Saturday, 16 June 2018

quantum mechanics - How do we know certain aspects of QM are unknowable?


In a course on modern physics we are beginning to get into probability amplitudes and the inherent unknown in some things, say the position of an electron in an orbital.


How do we know that these things can't be precisely figured out? Could it be the case that there is a phenomenon or relationship we just aren't aware of?


Things like the laws of thermodynamics and magnetic dipoles can't be mathematically derived, but are taken as ubiquitously true because no counterexample has ever been found. Are probability amplitudes the same?



Answer



It isn't that the position of the electron is unknown, but rather that the electron simply doesn't have a position.

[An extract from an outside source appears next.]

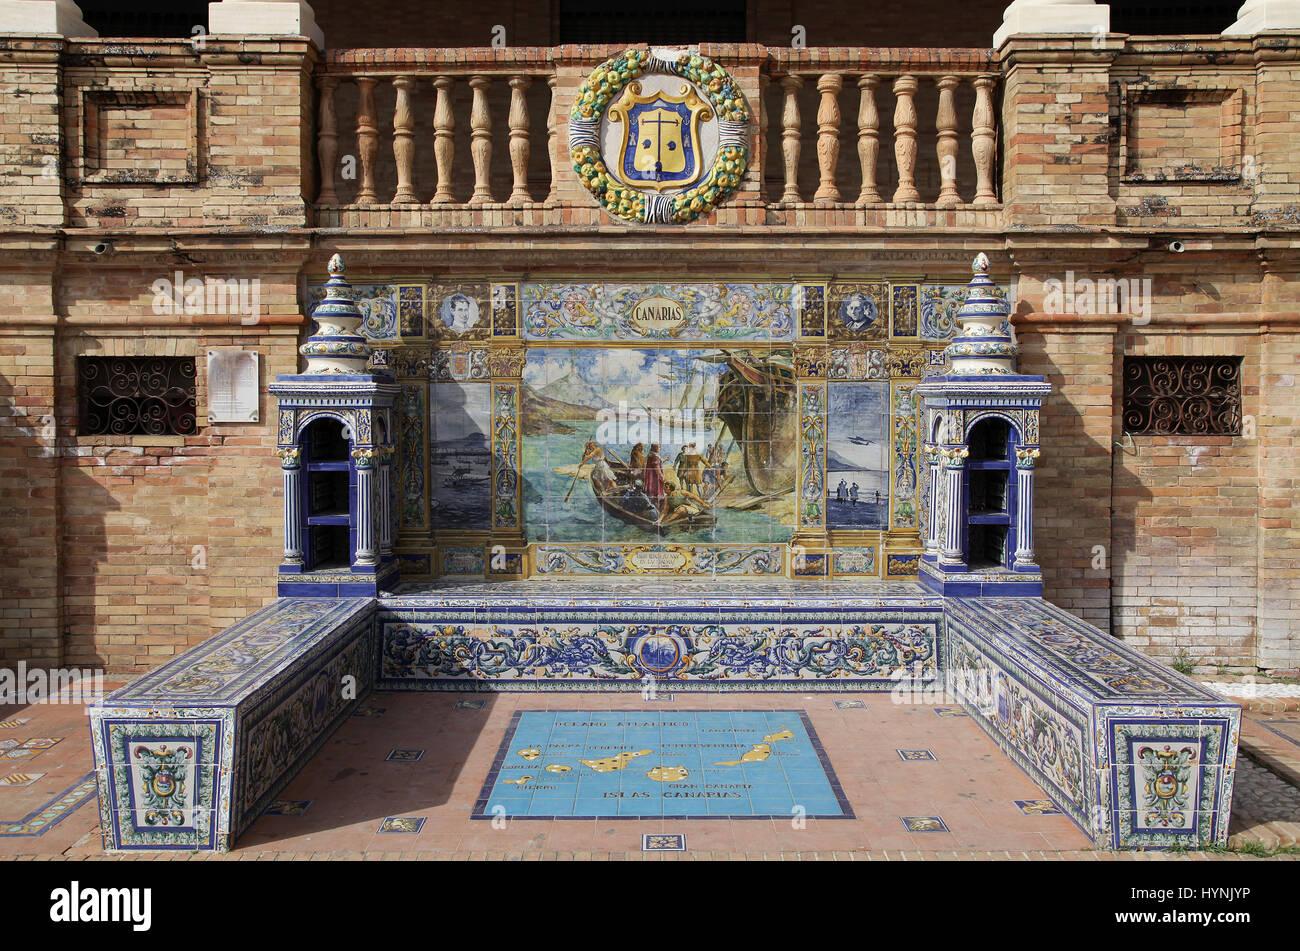 Ceramic Azulejos tiled provincial Bench or Alcove of Canarias  on the Plaza de España in Parque de Maria Luisa - Stock Image

The idea that an object has a position is such an intuitive one that it's hard to believe this might not be true. But a position, in the sense of a precisely defined location where we can find an object, is a macroscopic concept that simply doesn't exist for quantum objects. An electron in a hydrogen atom is delocalised and does not have a position for us to know.



In the early days of QM it was suggested that parameters like position do really exist but that we can't know them. This was known as the hidden variables theory. However as Robin suggests in a comment a theorem due to John Stewart Bell can be used to test whether hidden variables are consistent with observation, and to date the results suggest that the hidden variable theory is not consistent with experiment.


To address your last paragraph: quantum mechanics is a mathematical model that seems to describe the real world very well. Extraordinarily well in fact. If you're asking whether probability distributions really describe particles then you'll have to ask a philosopher what the word really means. All we know is that the predictions we make using quantum mechanics match experiment.